Linux Desktops and EMR

Today I had an interesting interaction on Twitter about the Linux operating system, Ubuntu. I had an extra machine lying around and so I decided to install Ubuntu on it. That’s what nerds do with their free time. Plus, I figured it would be nice to hook it up to my big screen TV to watch Hulu and other online video streams. Turns out that it works really well for that.

However, today my main work computer crapped out. Not sure what, but it seems like the power supply is dead. We’ll see. So, I decided I might as well just use the Ubuntu install that I’d already done. Only problem was when I tried to install another video card so that I could have my regular dual monitor set up. Here’s the tweet I sent out about it:!/techguy/status/80386246928629761
Needless to say I haven’t been able to get the extra video card to work. I did eventually get it to boot from the second video card, but then it couldn’t find the first. That’s just weird to me. I’m sure I need to get in the conf files to configure the display, but that’s just a total PITA. This response to my initial tweet summarized it well:!/HipaaGenius/status/80388785589850112

Yep, it’s going to be a little while before Linux ever takes over Windows as the operating system for most EMR users. I had high hopes for Ubuntu when I did the install. In fact, I was surprised how well the drivers worked for my wireless USB device (which required a special driver download on Windows XP). Too bad this video card stuff is such a pain. This is just one thing, but I’m sure stuff like this is exactly why EMR and EHR vendors aren’t developing their products for the linux desktop environment.

I think I better give up my nerd card and pick up my “I just want it to work” card.

About the author

John Lynn

John Lynn

John Lynn is the Founder of the, a network of leading Healthcare IT resources. The flagship blog, Healthcare IT Today, contains over 13,000 articles with over half of the articles written by John. These EMR and Healthcare IT related articles have been viewed over 20 million times.

John manages Healthcare IT Central, the leading career Health IT job board. He also organizes the first of its kind conference and community focused on healthcare marketing, Healthcare and IT Marketing Conference, and a healthcare IT conference,, focused on practical healthcare IT innovation. John is an advisor to multiple healthcare IT companies. John is highly involved in social media, and in addition to his blogs can be found on Twitter: @techguy.

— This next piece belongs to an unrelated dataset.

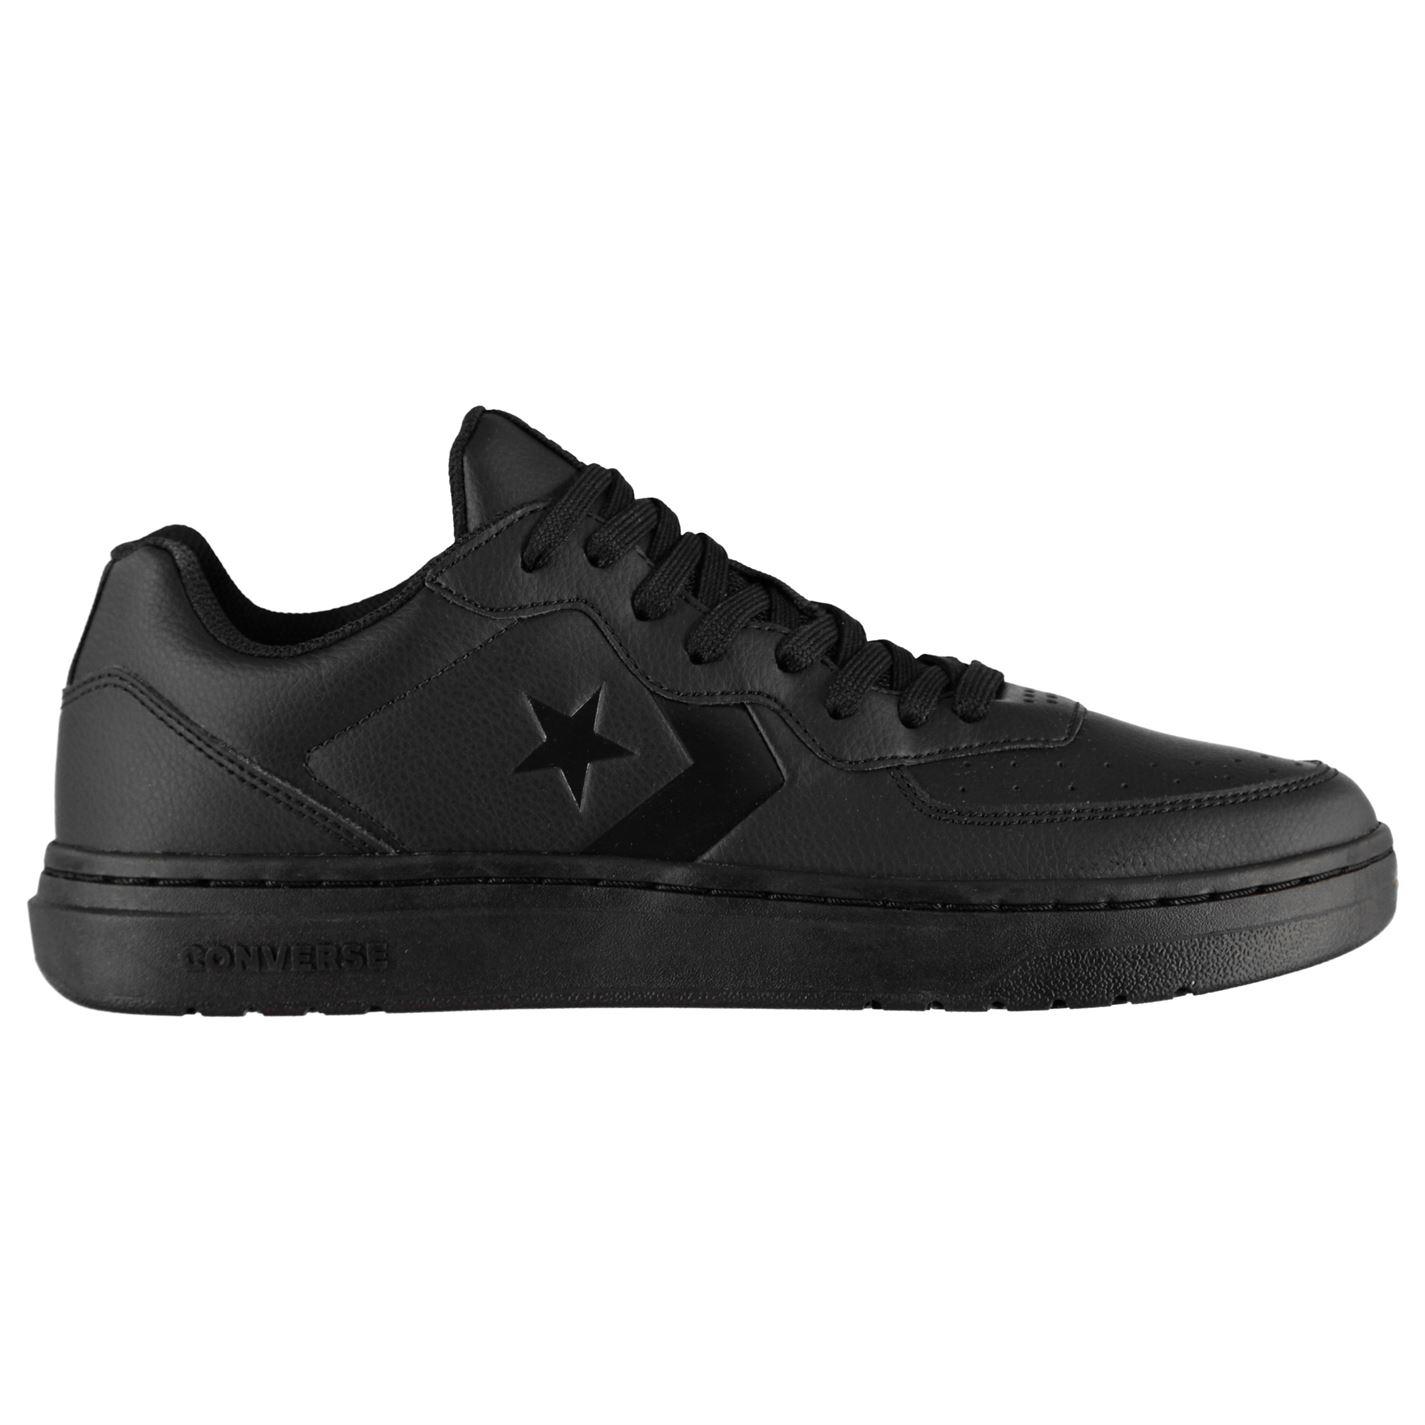 Adidasi sport Converse Ox Rival negru mono

  • Are you sure this is a linux problem and not a motherboard problem? Many motherboards will not allow the on-board VGA port to be active when you plug an additional video card in.

  • Is definitely possible Rick, but I don’t believe that the first video card is an on board video card. It’s an Nvidia card in what I think is an AGP slot. I’m thinking it’s the old ATI video card that I put in.

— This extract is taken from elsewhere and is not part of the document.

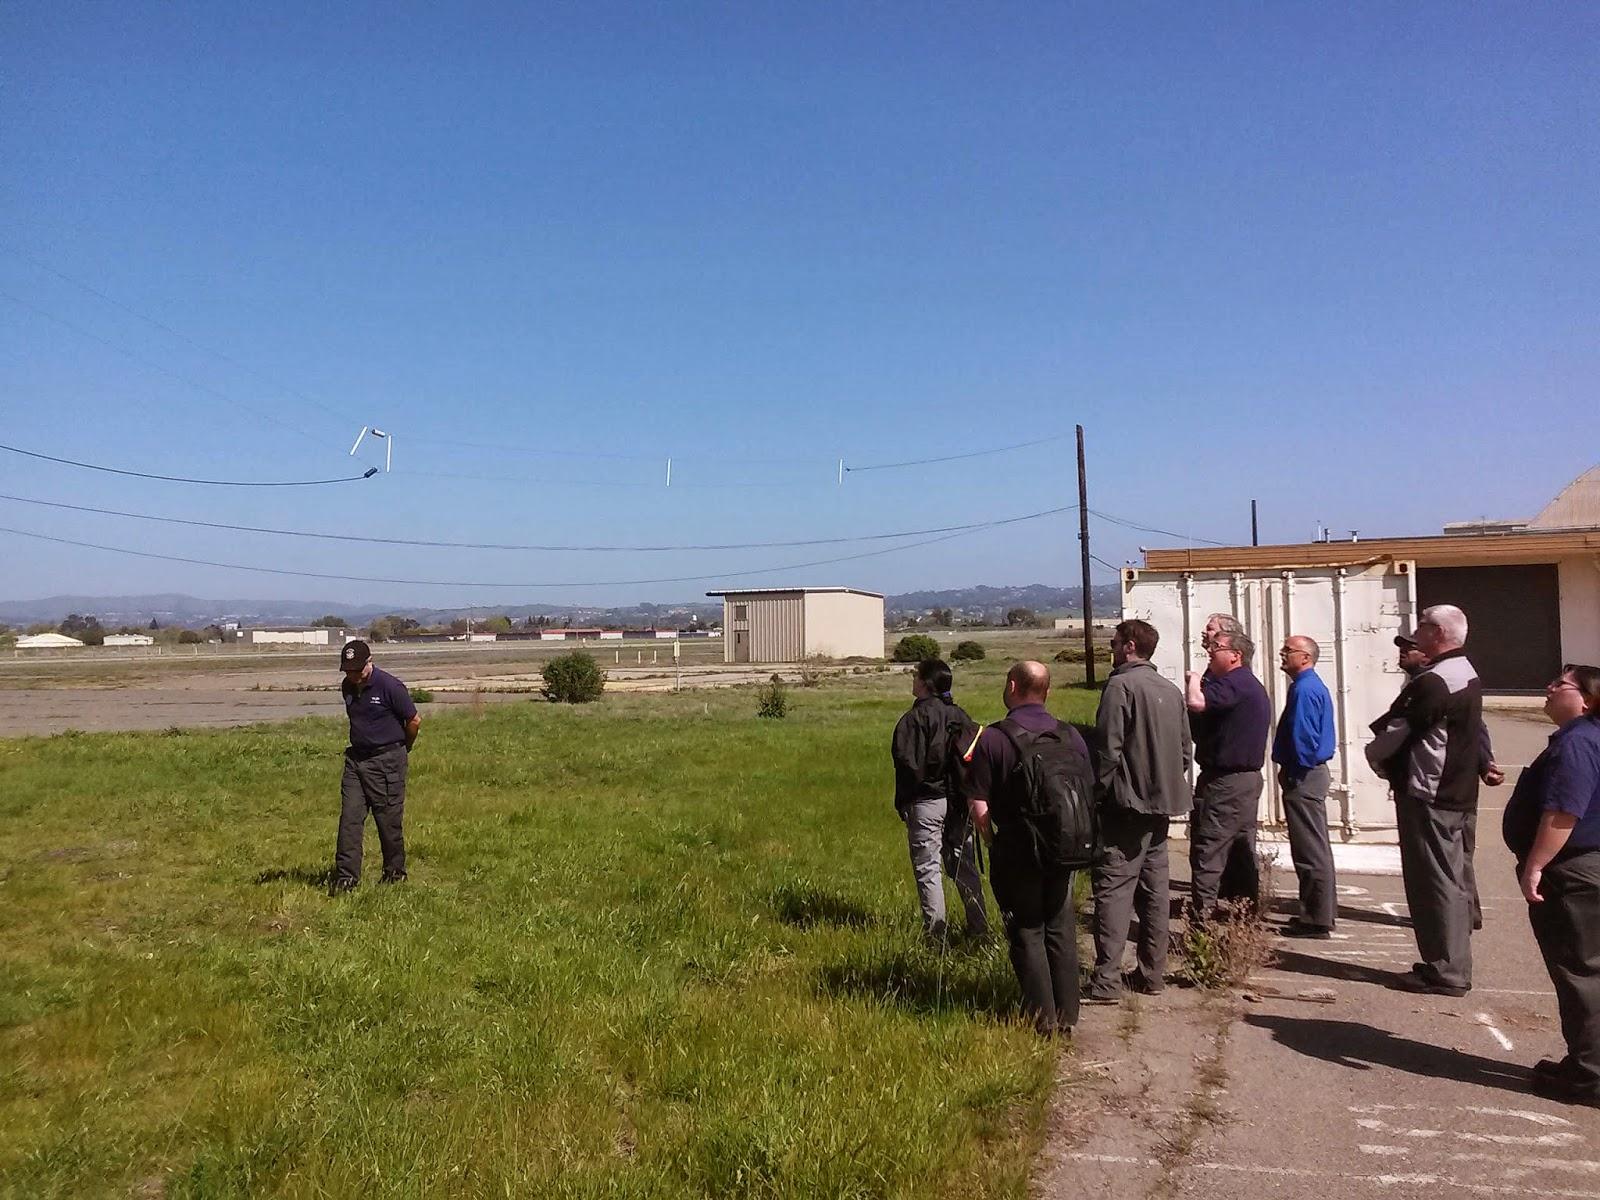 Squadron 188 - The Logbook: March 2014 - HF Radio Training

  • About a year ago I saw a demo (on TV) where a linux OS was loaded on a 4 core intel machine.

    “inside” the linux OS the user then installed Win 7.

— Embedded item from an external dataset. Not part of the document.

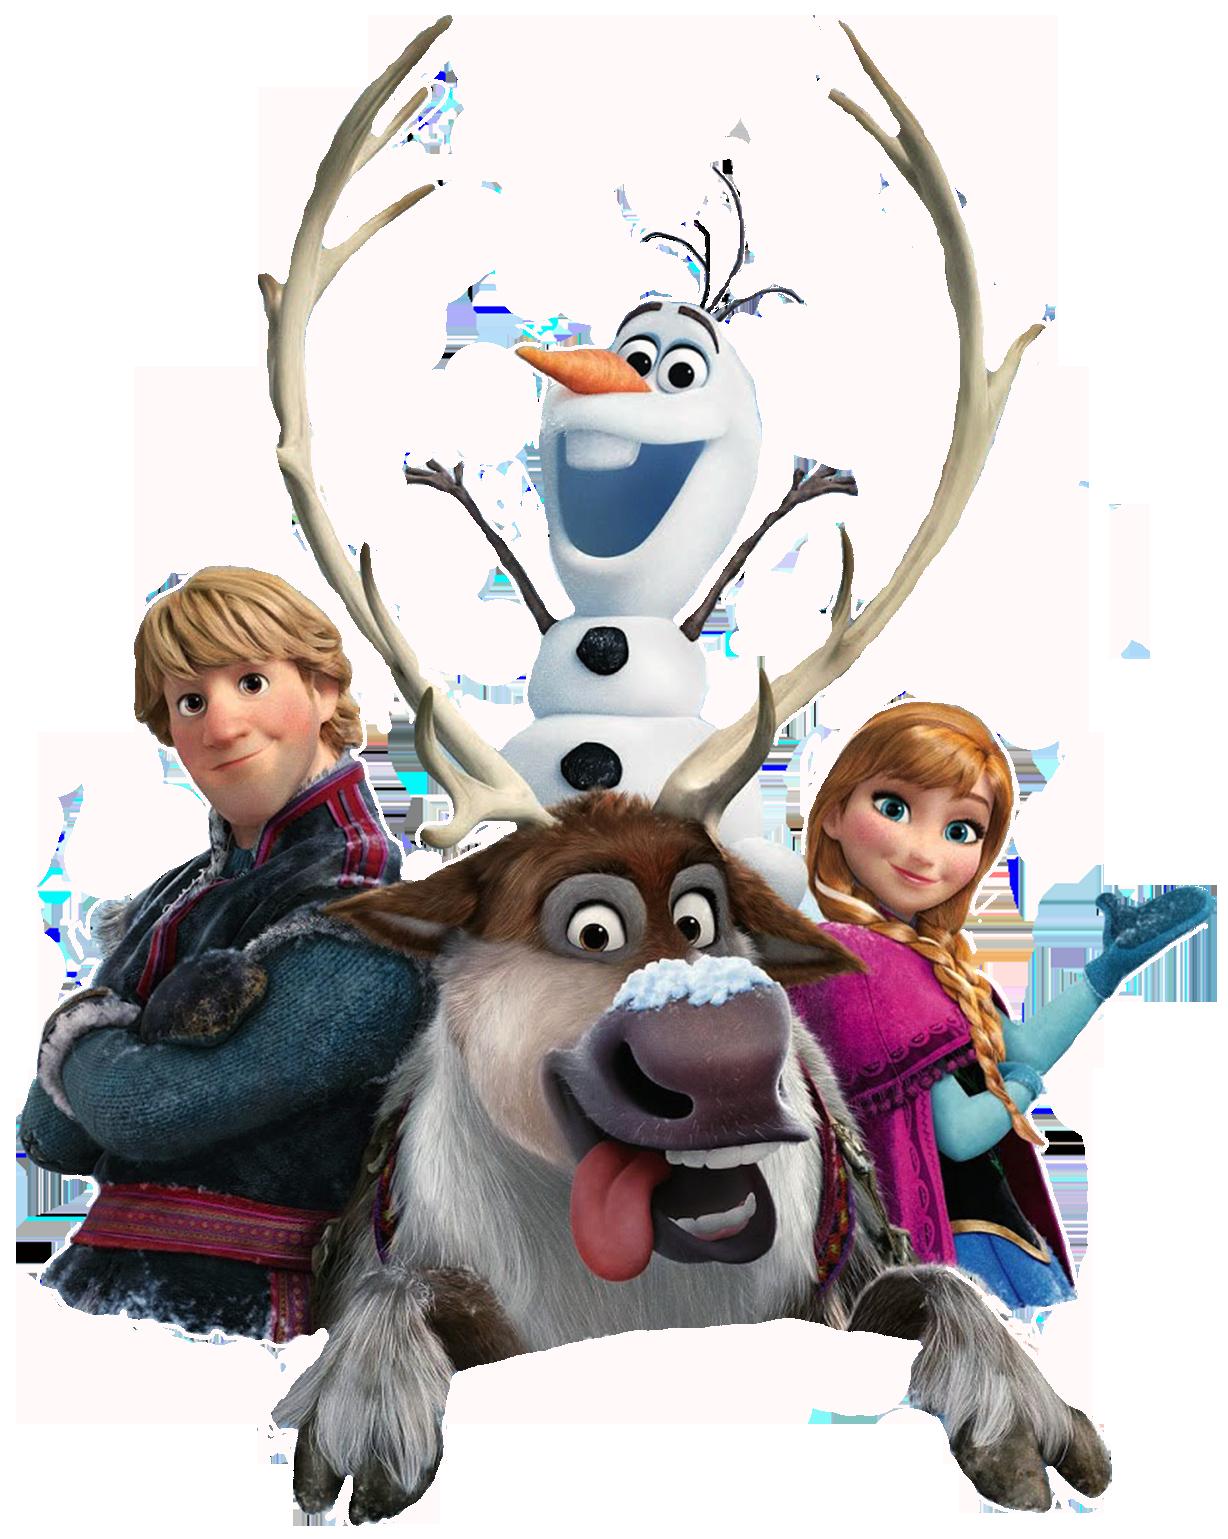 De frozen pinterest fiesta. Olaf clipart get well soon

    From linux you could choose how many cpu’s were assigned to each operating system.

    You did have to keep at least one for linux.

    Anyway, that seemed like a great way to have a “virtual machine” running that could the resurrected rather quickly if the user had allowed a virus to be loaded.

    I emailed the host of the show and never heard back about what distro that linux was.

    Anyhow, I think that solution has merit for desktops.

    Also, aVista runs on linux servers, and I”m guessing linux fat clients.

    I still can’t believe that EHR wasn’t pushed on all the docs…wouldn’t be a need for (much) stimulus money in that case.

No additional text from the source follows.